Первый, вполне естественный порыв — развязать девчонку. Но ведь развяжешь — попытается удрать. Это в лучшем случае. В худшем, как и предупреждал Ян, постарается убить. Значит, надо оставить всё как есть.

Правильная мысль, рациональная, но… за три тысячи лет люди в чём-то изменились — Илья потянулся к узлам веревок.

Девчонка пронзительно заверещала… Да, а какие-то вещи за три тысячи лет так и не изменились.

— Не кричи. Я тебя просто развяжу, — примирительно сказал Илья.

Не подействовало — девчонка продолжала вопить.

Илья быстро распутал узлы на запястьях и лодыжках, отошёл, уселся на постель и кивнул в сторону низкого столика:

— Пей. Ешь.

Пленница не сдвинулась с места.

Илья демонстративно отвернулся.

Брисейда отважилась воспользоваться приглашением своего тюремщика только несколько минут спустя.

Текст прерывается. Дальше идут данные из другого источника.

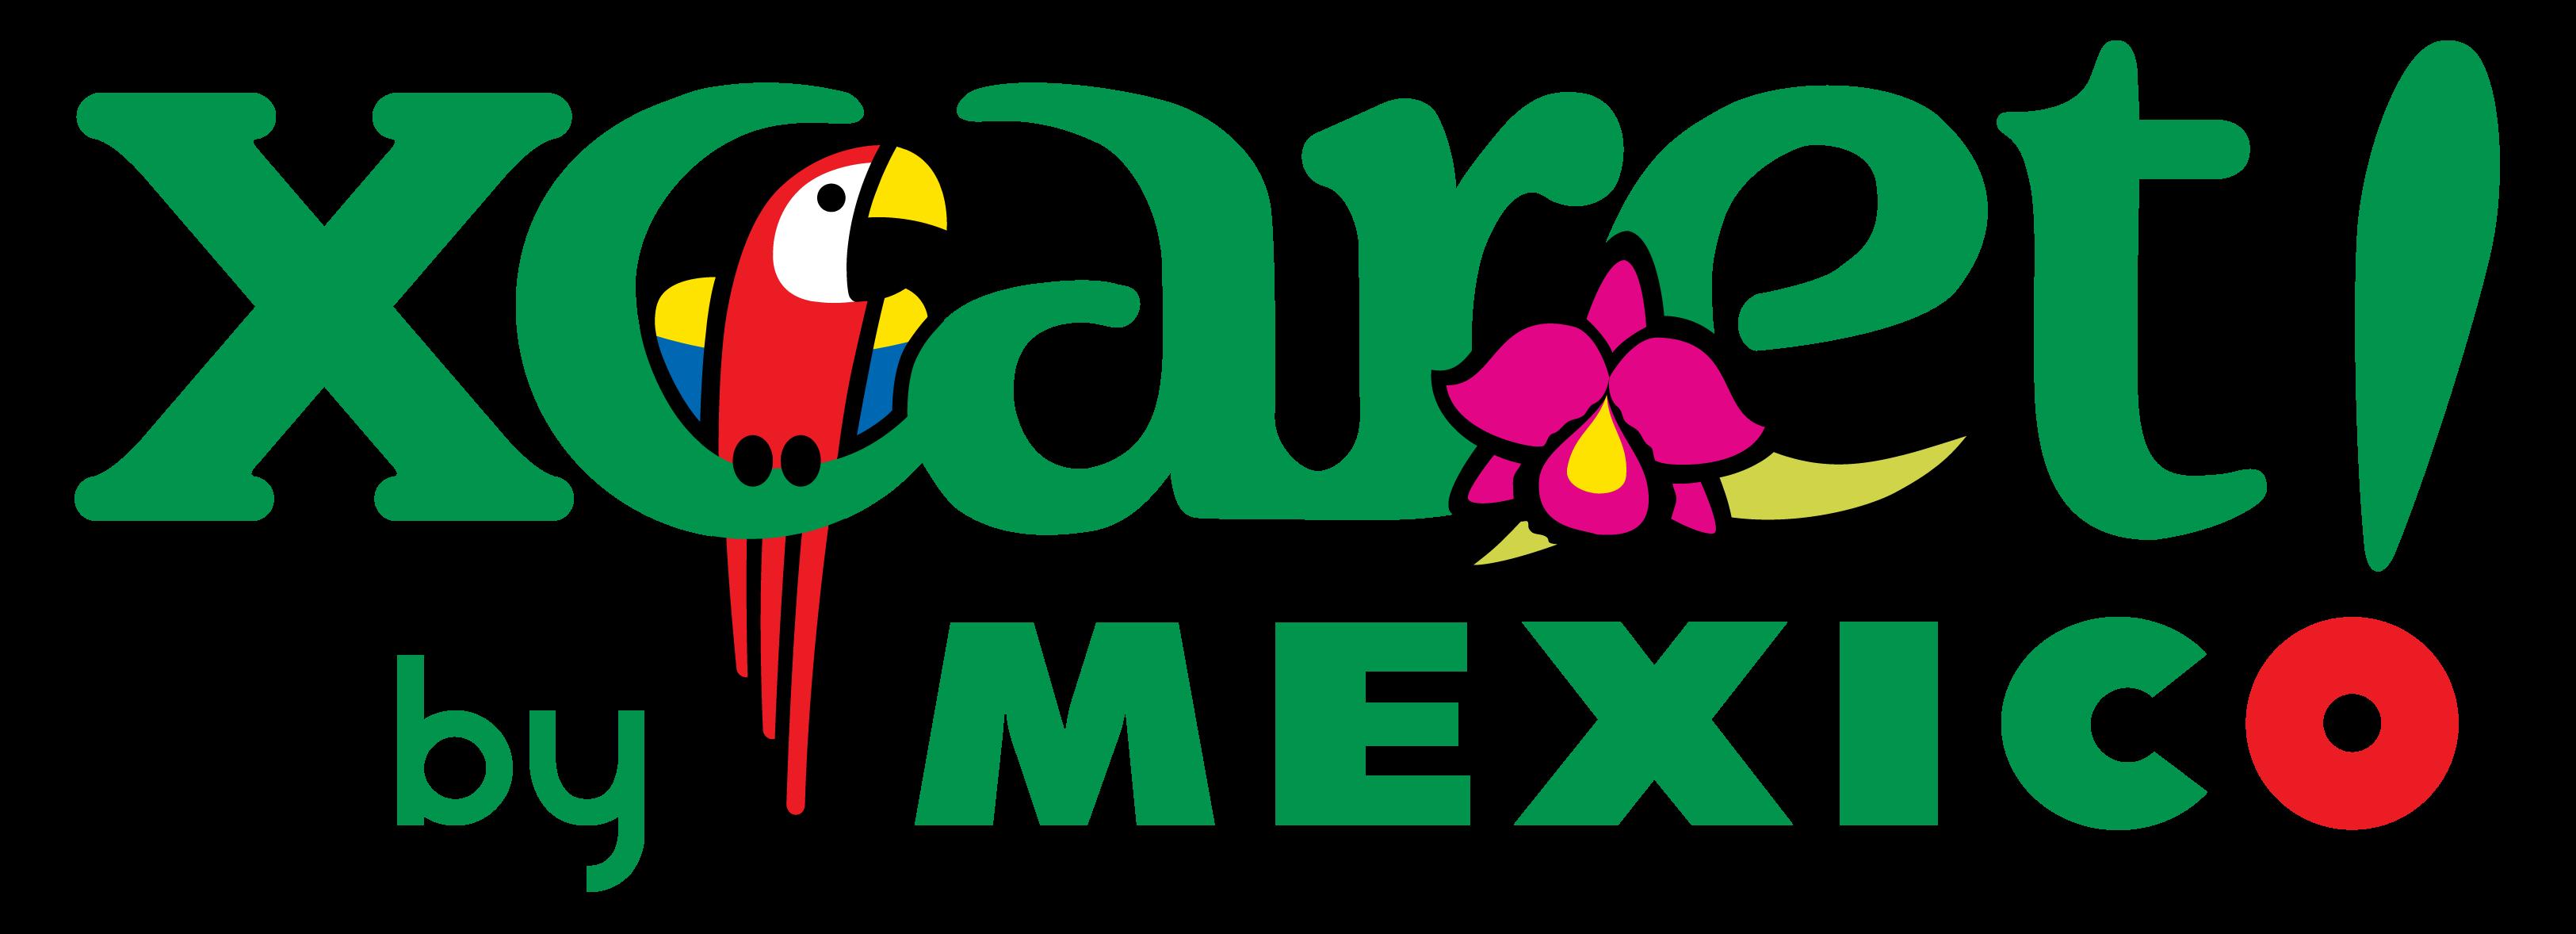 Xcaret México

Илья вздохнул. Сентиментальность и сочувствие, это, конечно, хорошо, но своя шкура всё-таки дороже. Убежит Брисейда — ну, и черт с ней, а вот если попытается убить его, пока он спит? И что ему делать — всю ночь бодрствовать?.. Как бы поступил Ахилл? Связал? Или оставил бы свободной, точно зная, что проснётся прежде, чем она успеет перерезать ему горло? Наверное, последнее. Но он-то — не Ахилл, он такими реакциями похвастаться не может.

С другой стороны, связывать девчонку на ночь ну очень не хотелось. Илья осмотрелся. Оружия в палатке, кроме его меча, нет. Ладно, можно рискнуть. Положив ножны с ксифосом под овечьи шкуры на диффе, Илья прикрыл глаза. Мысли снова обратились к предстоящему дню, к грядущей битве. Волнения не было. Желания геройствовать, к счастью, тоже…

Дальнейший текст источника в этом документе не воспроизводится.